Content starts
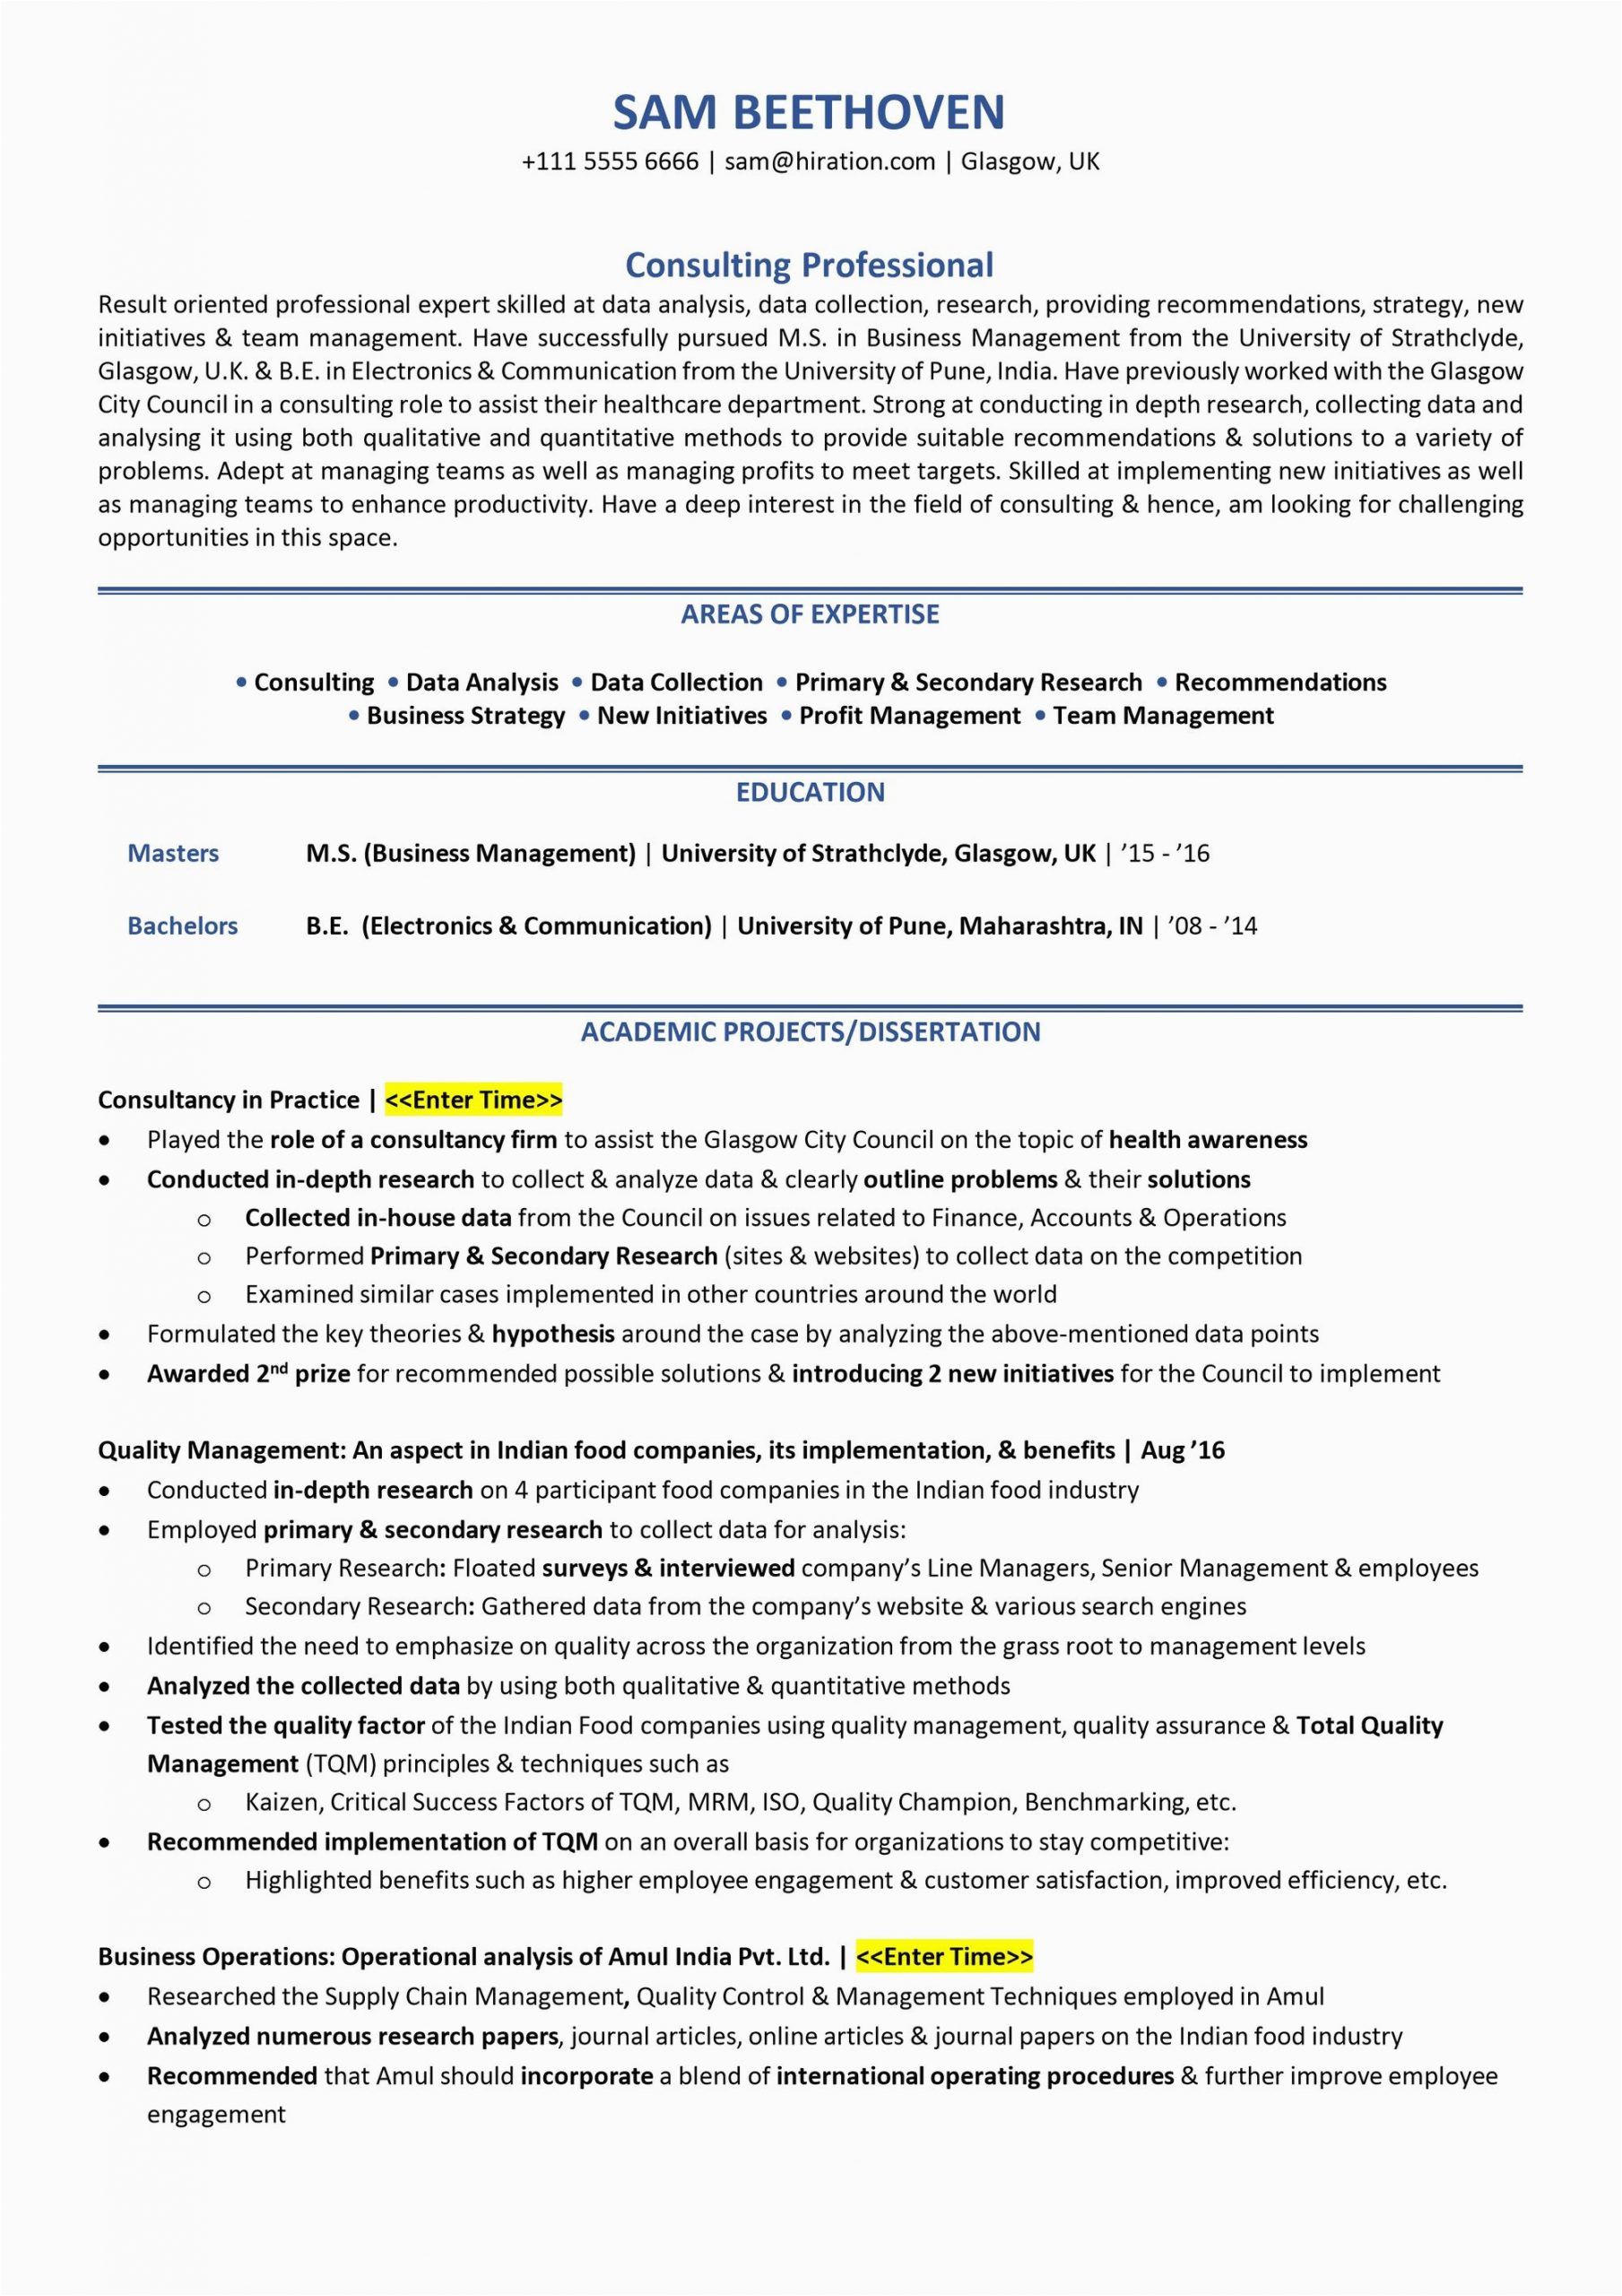 Sample Job Resume for College Student Student Resume [2019] Guide to College Student Resume
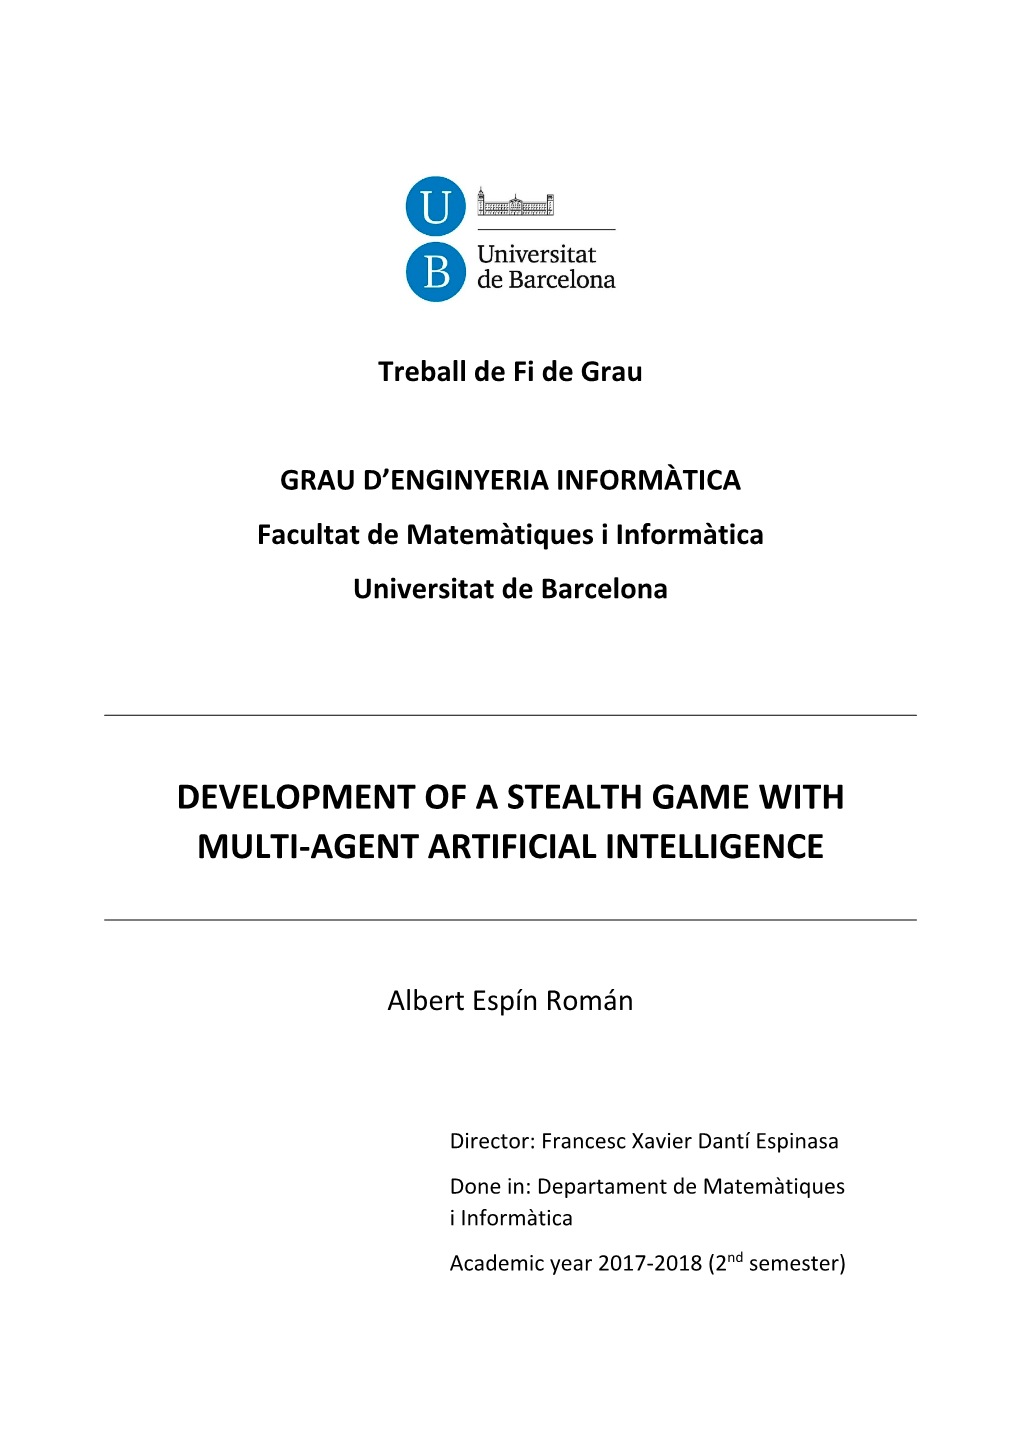 Development of a Stealth Game with Multi-Agent Artificial Intelligence
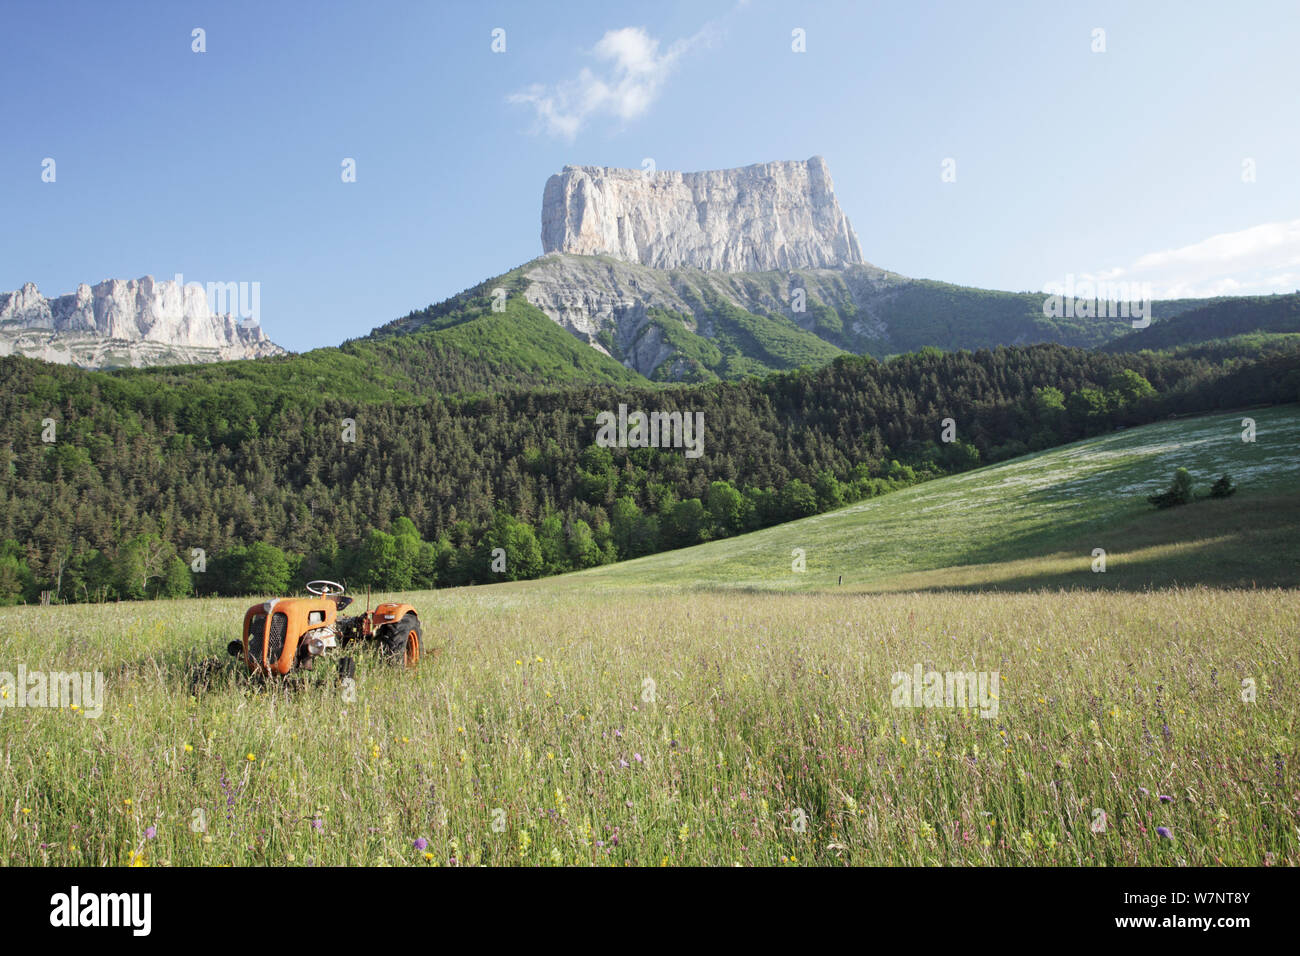 View of Mont Aiguille, with wildflower meadow and tractor in the foreground, Richardiere near Chichilianne, Parc Naturel Regional du Vercors, France, June 2012. Stock Photo
Content ends
▶ [EXERCISE BRIEF]:
Your reply should consist solely of the lines above, from the opening line through the line with "Development of a", reproduced exactly and without pictures.

▶ [COMPLETED EXERCISE]:
 Sample Job Resume for College Student Student Resume [2019] Guide to College Student Resume
 Development of a Stealth Game with Multi-Agent Artificial Intelligence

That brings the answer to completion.